→ **Exercise brief**:
Entries below include pictures. Output exactly the lines from the one with "Limited Edition Hat" down to the one with "Join Suzanne Campbell", both ends included, and leave the pictures out.
[[ Working data, beginning ]]
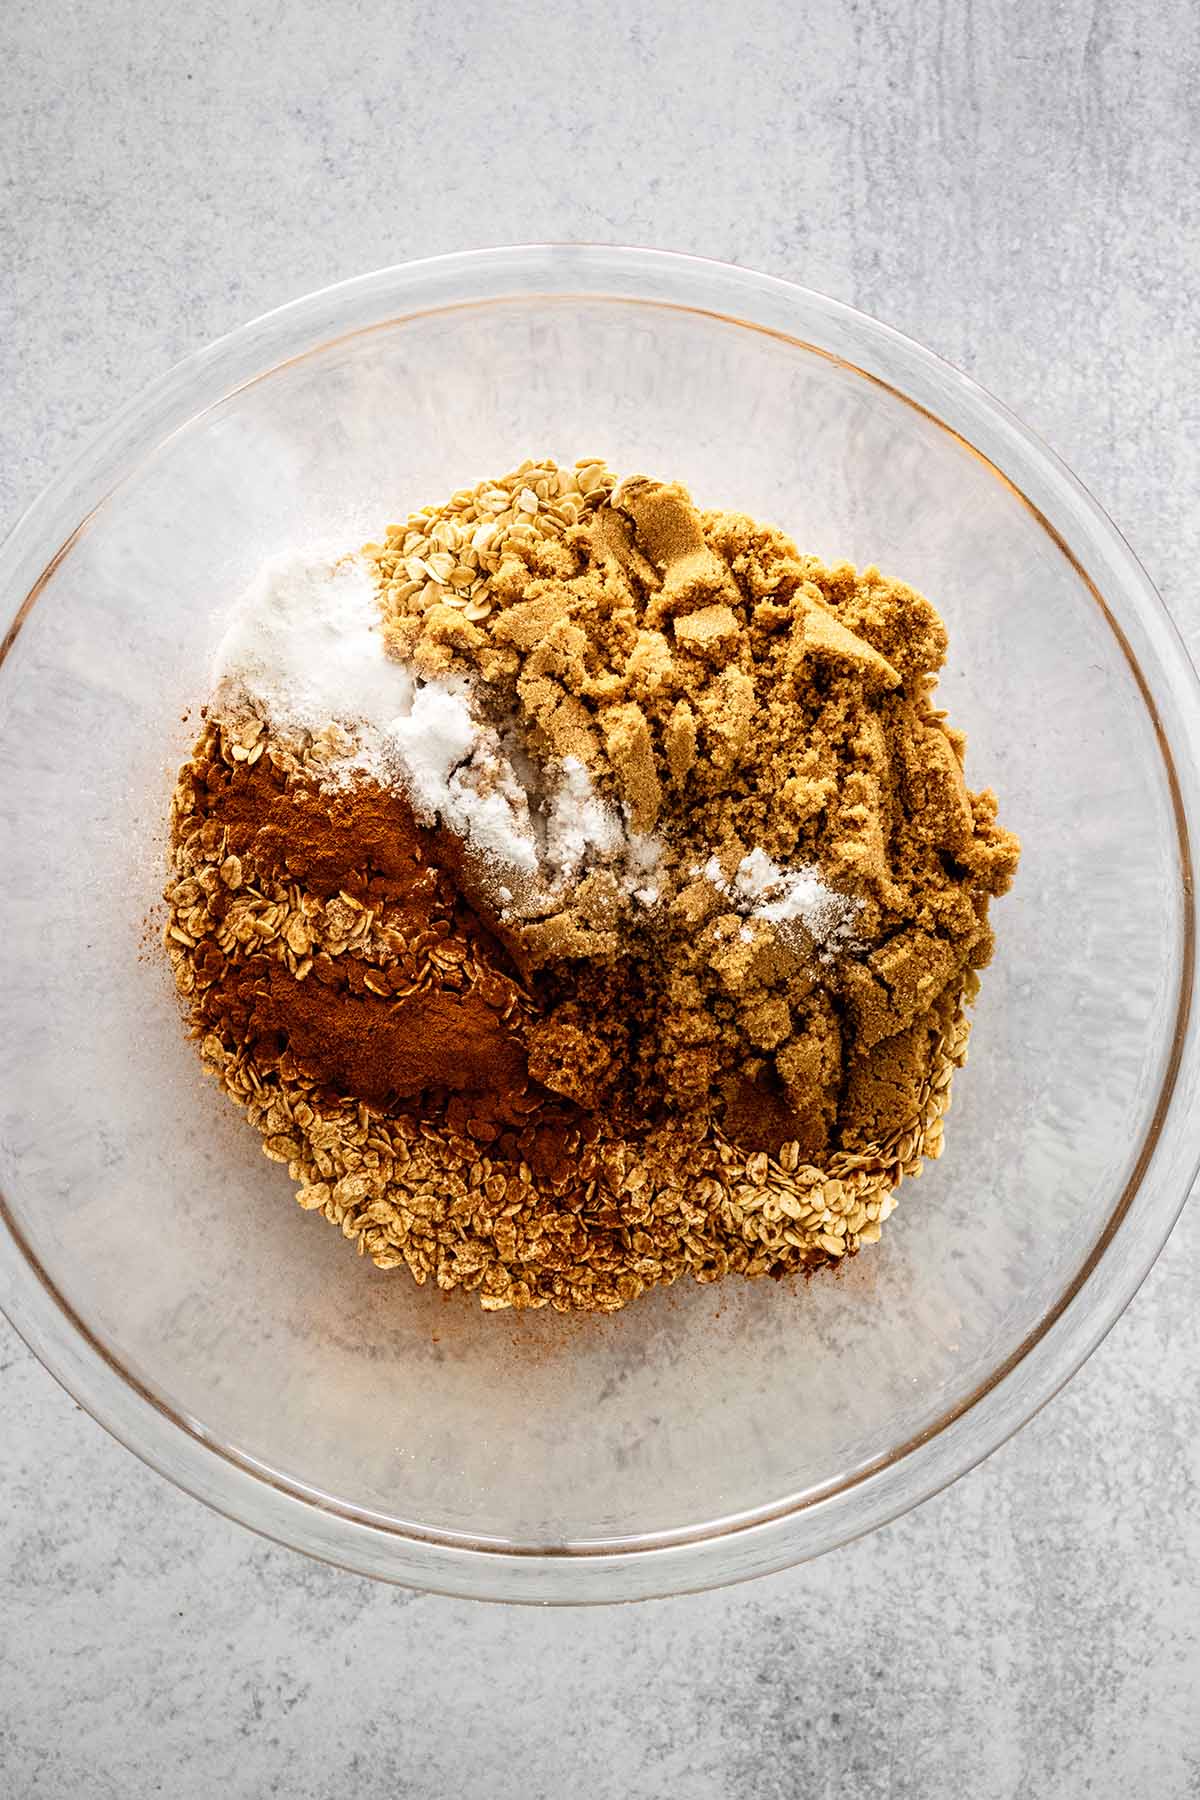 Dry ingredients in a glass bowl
[[ Working data, end ]]
[[ Working data, beginning ]]
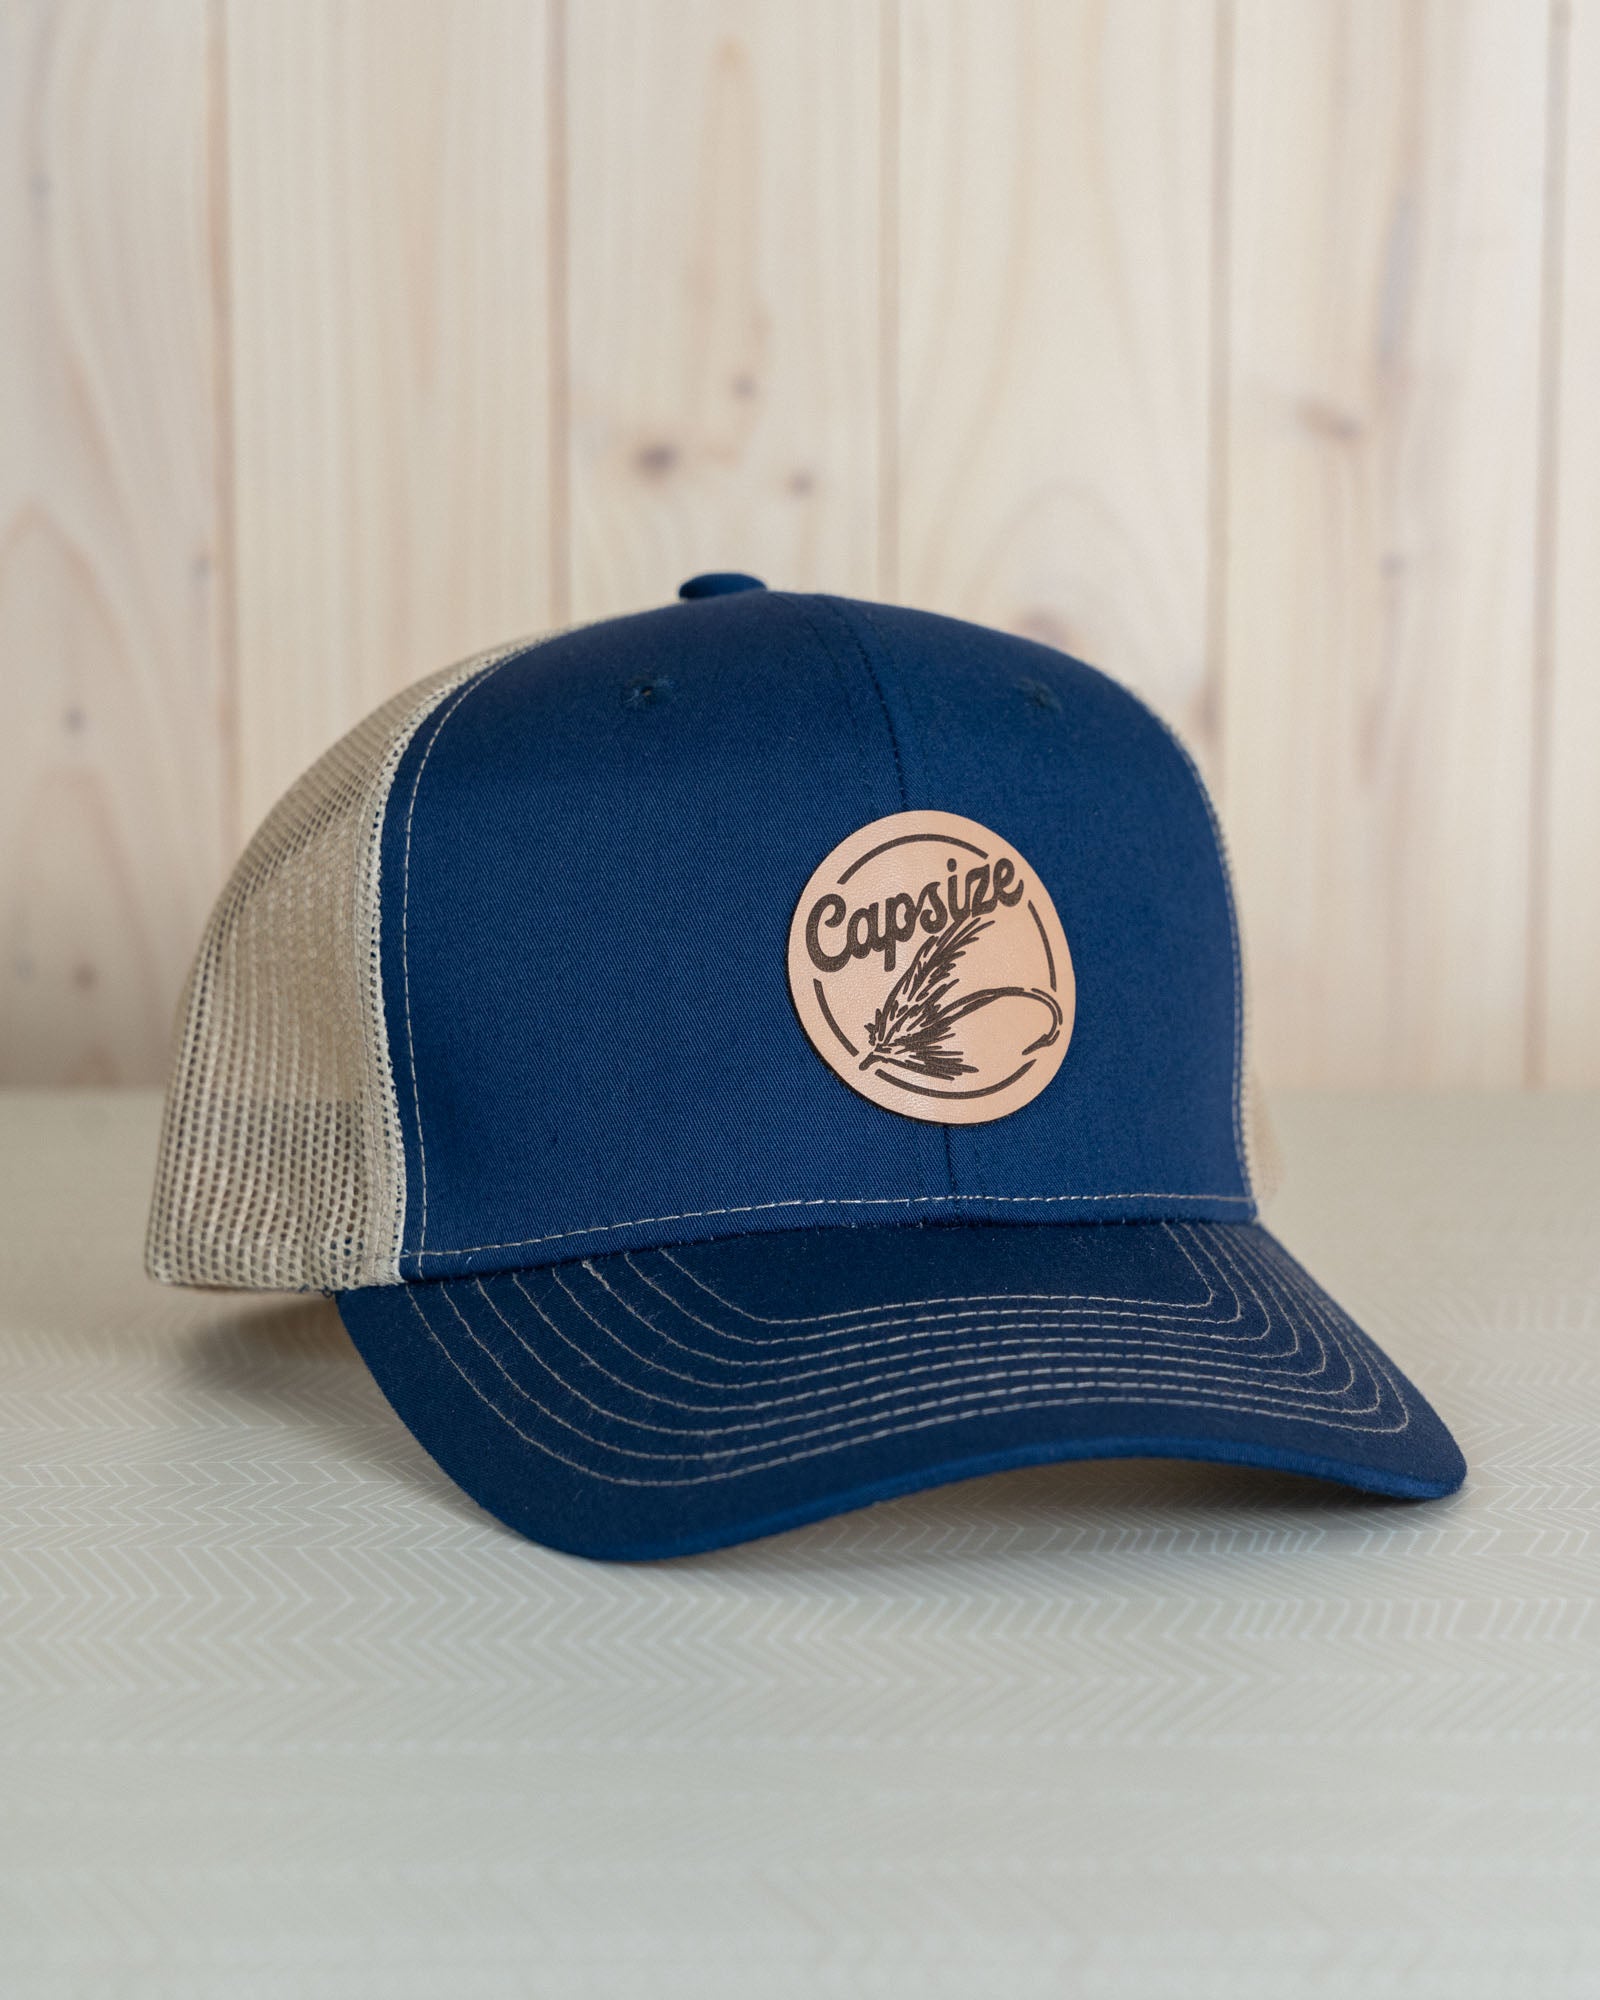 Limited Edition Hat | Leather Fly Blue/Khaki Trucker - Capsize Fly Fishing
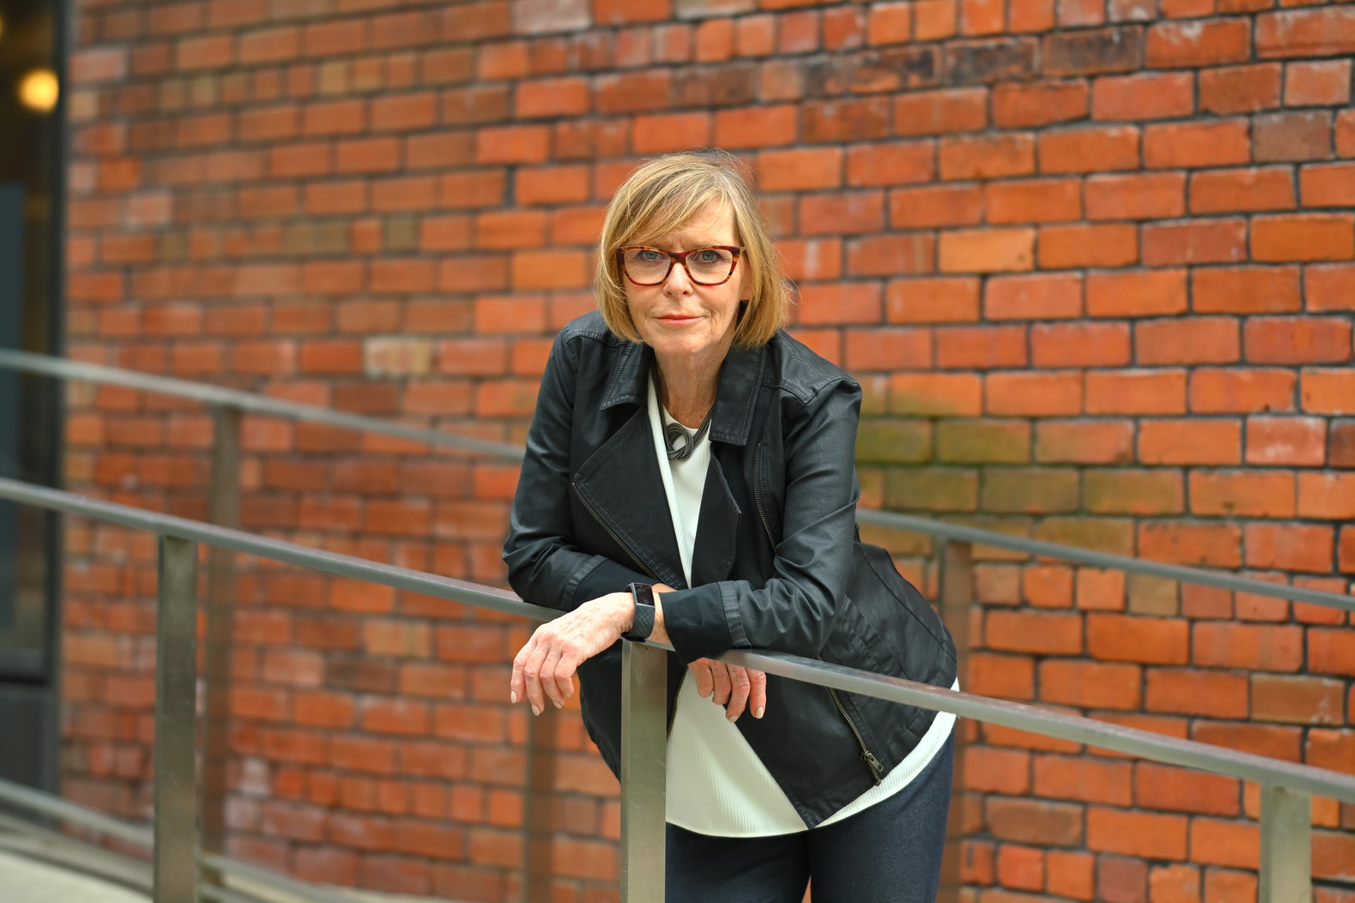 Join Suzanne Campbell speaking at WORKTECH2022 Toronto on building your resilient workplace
[[ Working data, end ]]
→ **Task output**:
 Limited Edition Hat | Leather Fly Blue/Khaki Trucker - Capsize Fly Fishing
 Join Suzanne Campbell speaking at WORKTECH2022 Toronto on building your resilient workplace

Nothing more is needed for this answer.